■ WHAT YOU NEED TO DO: Return all of the data verbatim, dropping any picture.

■ SUPPLIED MATERIAL:
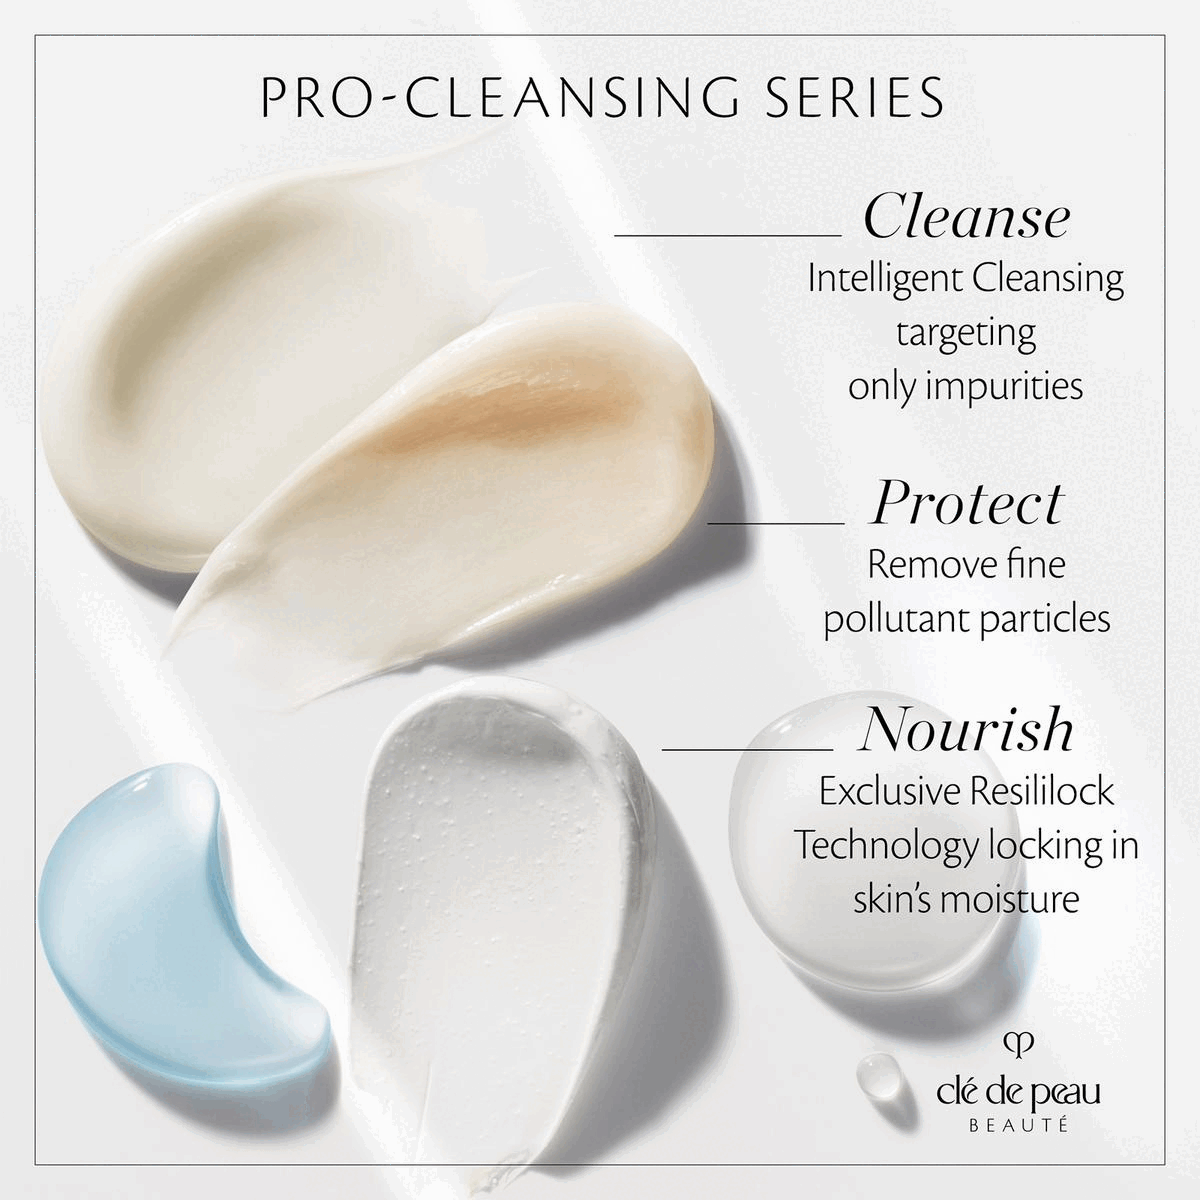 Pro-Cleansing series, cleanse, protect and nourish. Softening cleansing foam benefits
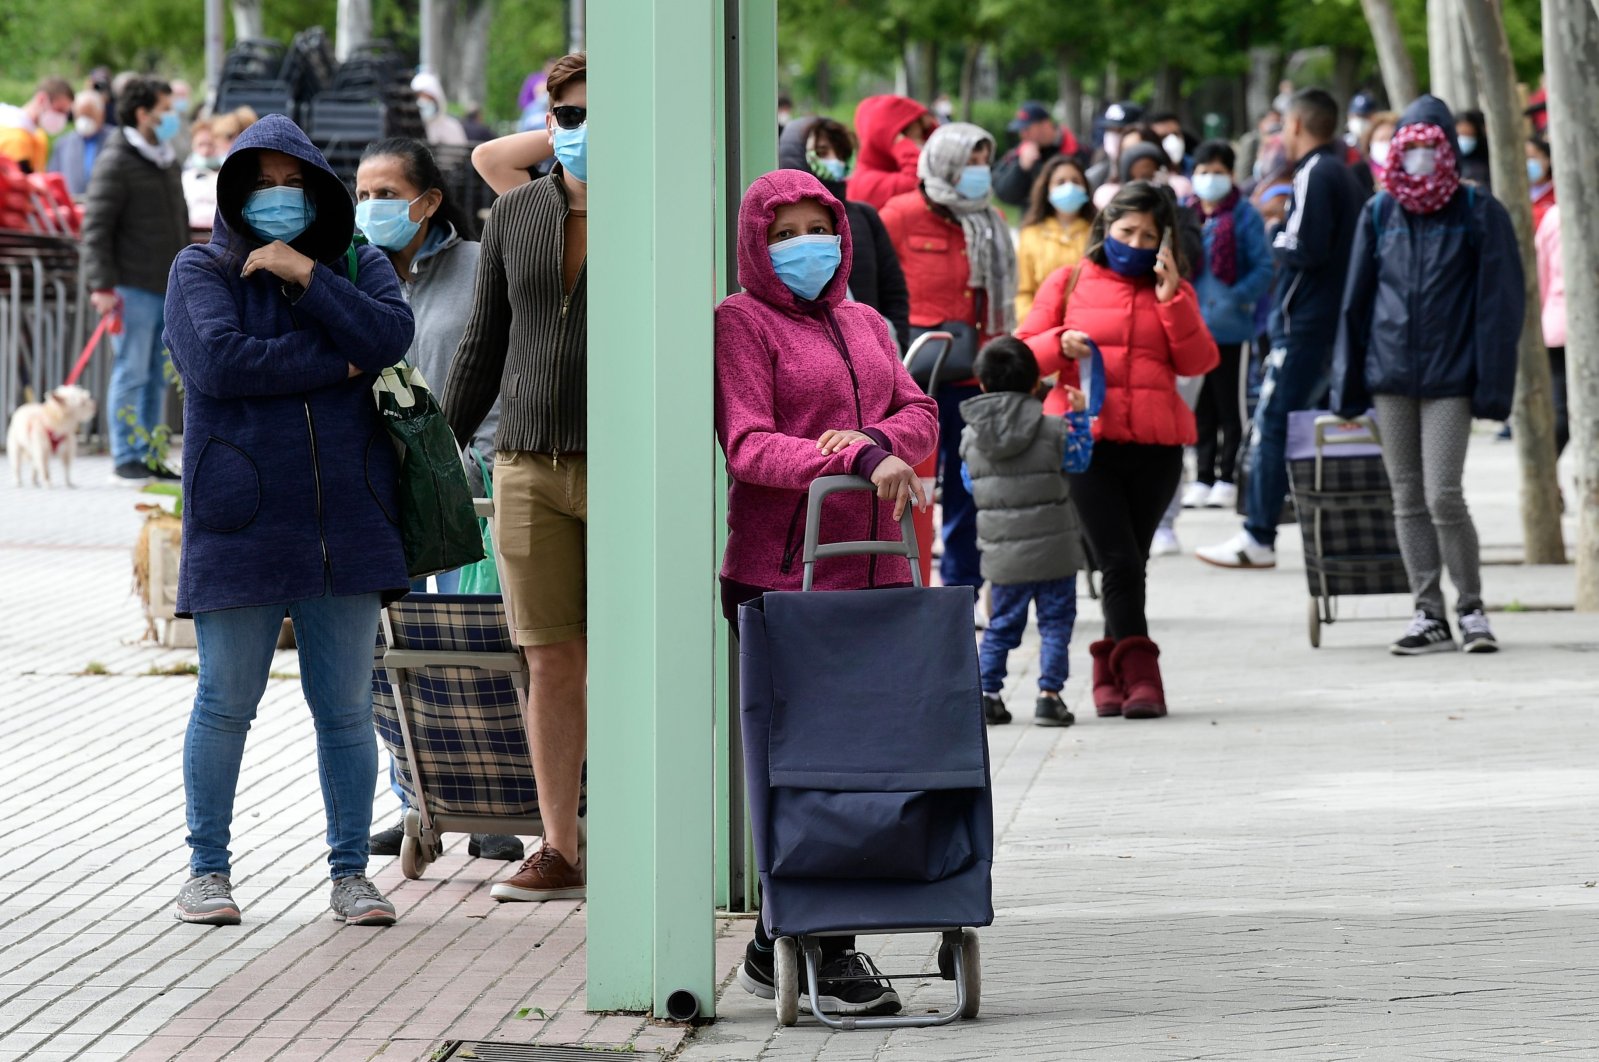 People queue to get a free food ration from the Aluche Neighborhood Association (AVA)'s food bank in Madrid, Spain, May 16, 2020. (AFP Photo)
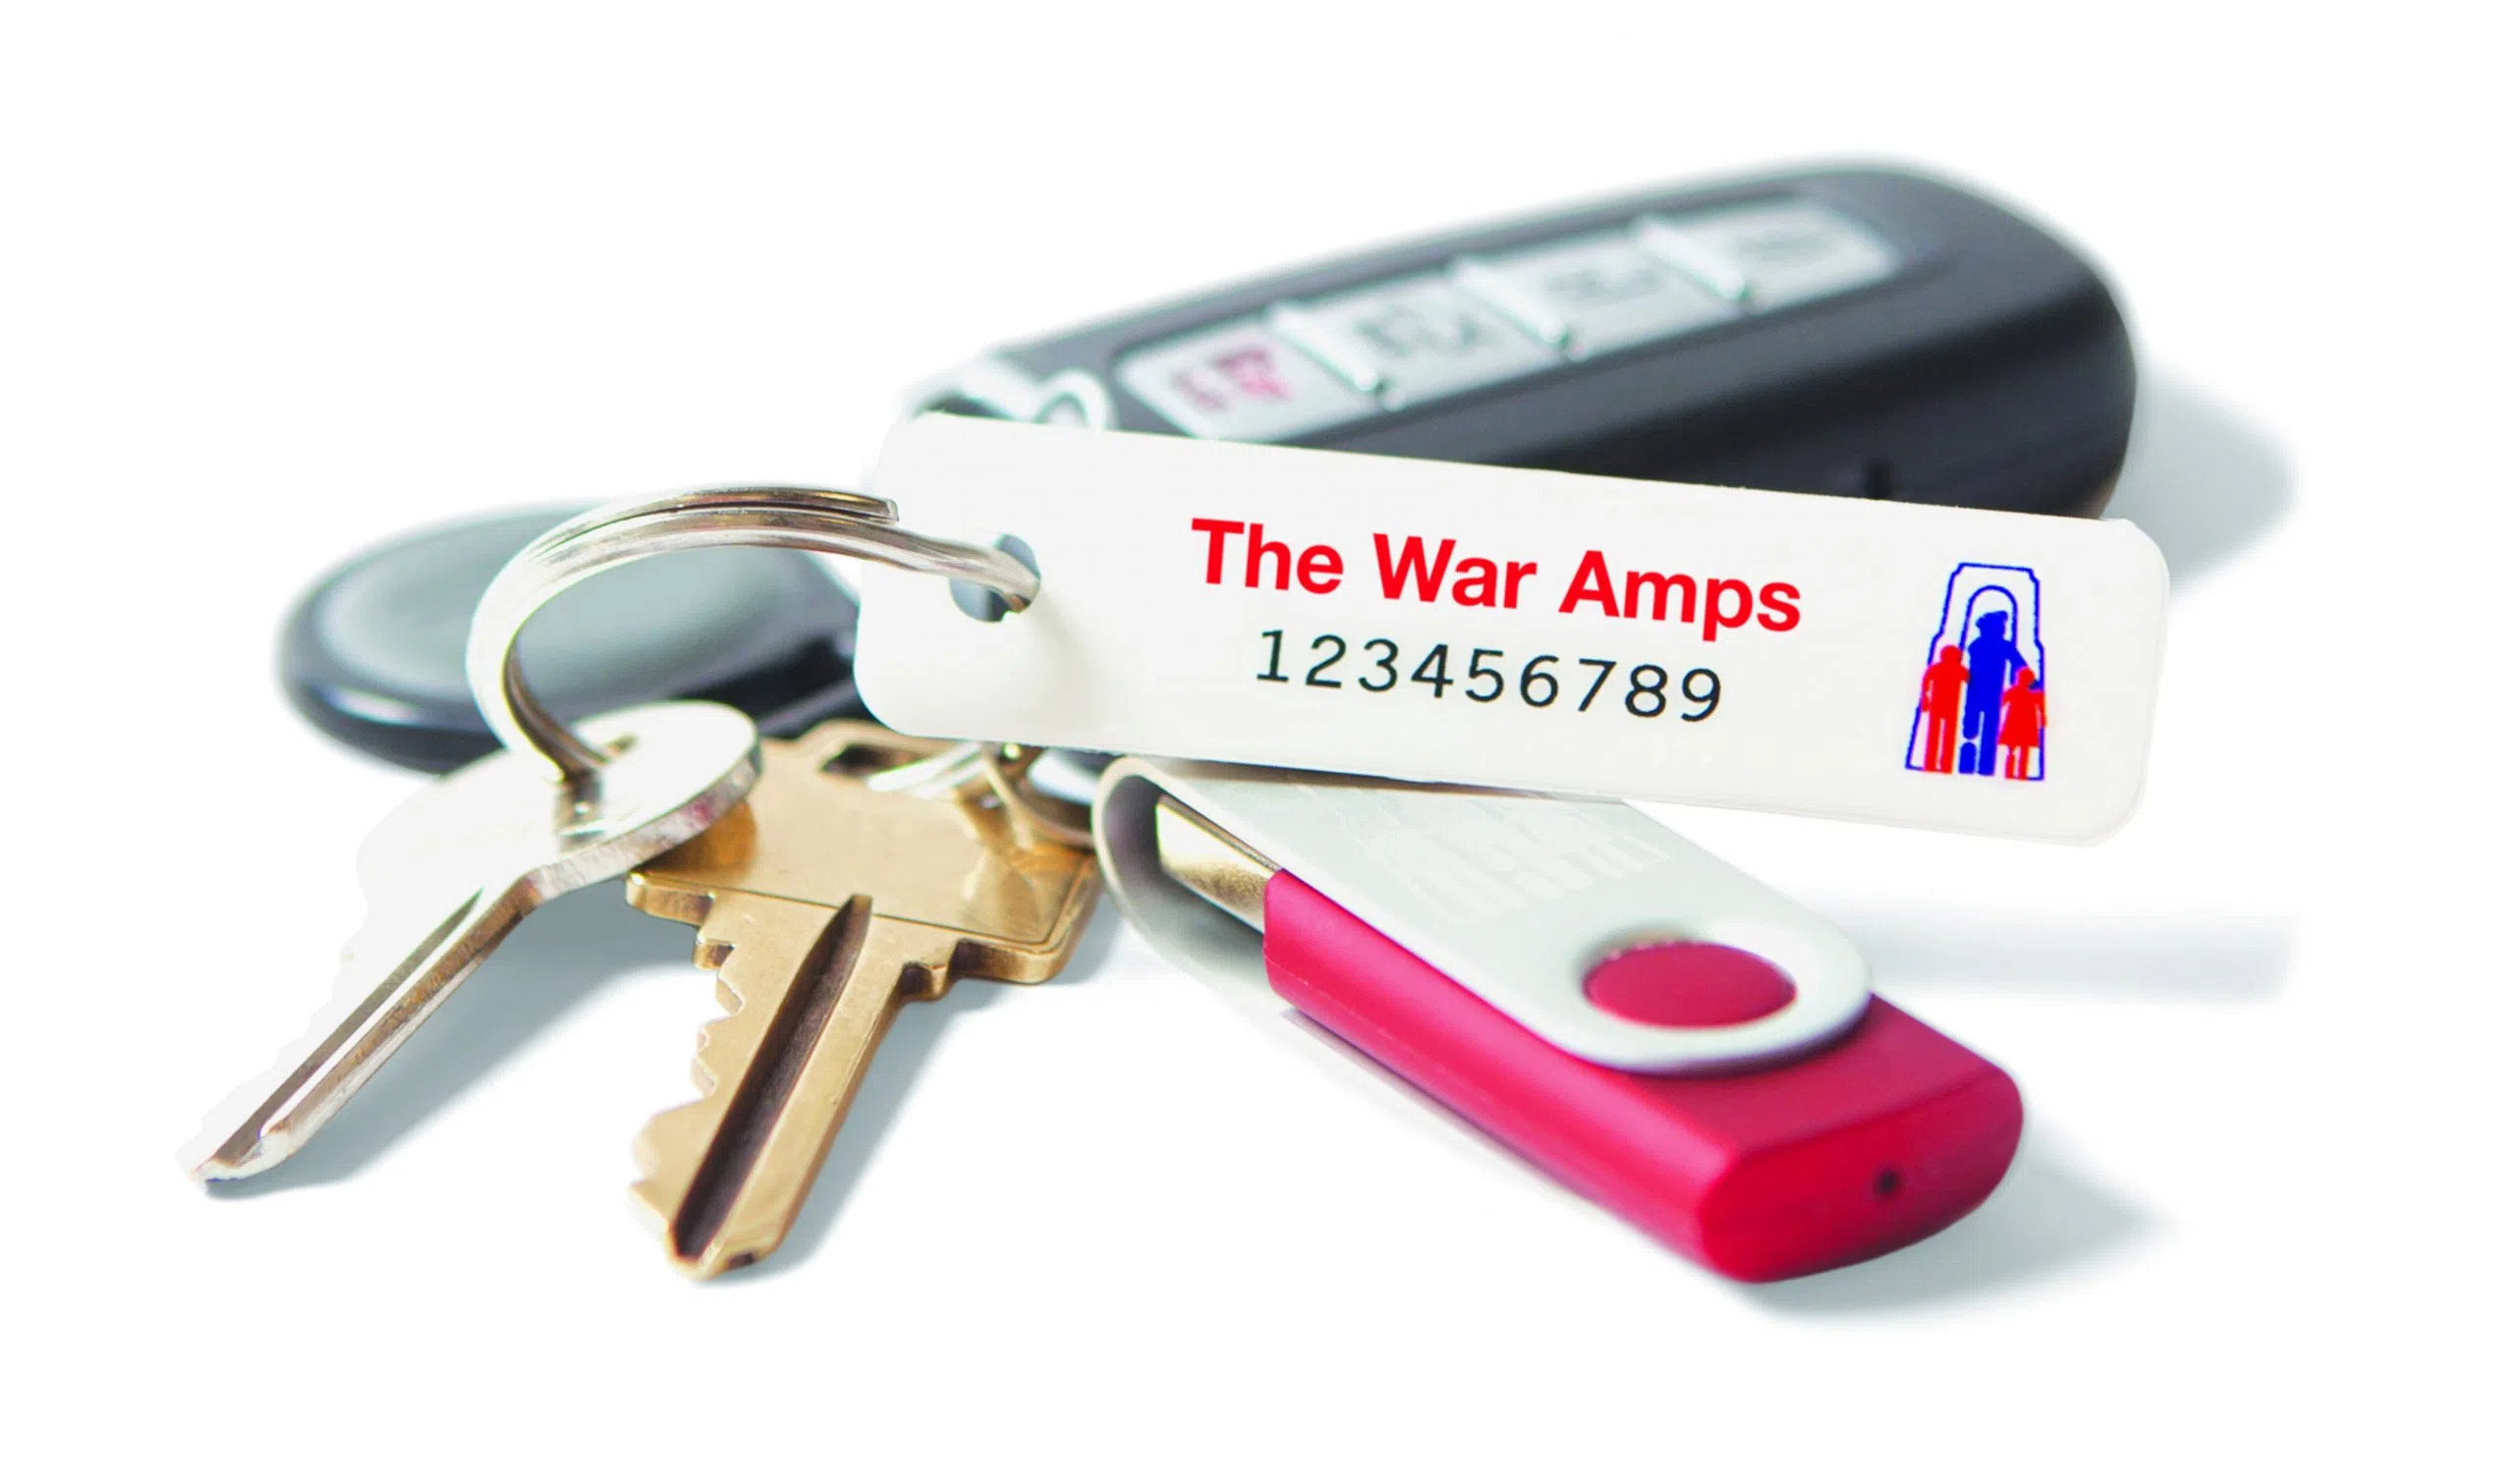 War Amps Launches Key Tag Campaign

■ FINISHED EXERCISE:
 Pro-Cleansing series, cleanse, protect and nourish. Softening cleansing foam benefits
 People queue to get a free food ration from the Aluche Neighborhood Association (AVA)'s food bank in Madrid, Spain, May 16, 2020. (AFP Photo)
 War Amps Launches Key Tag Campaign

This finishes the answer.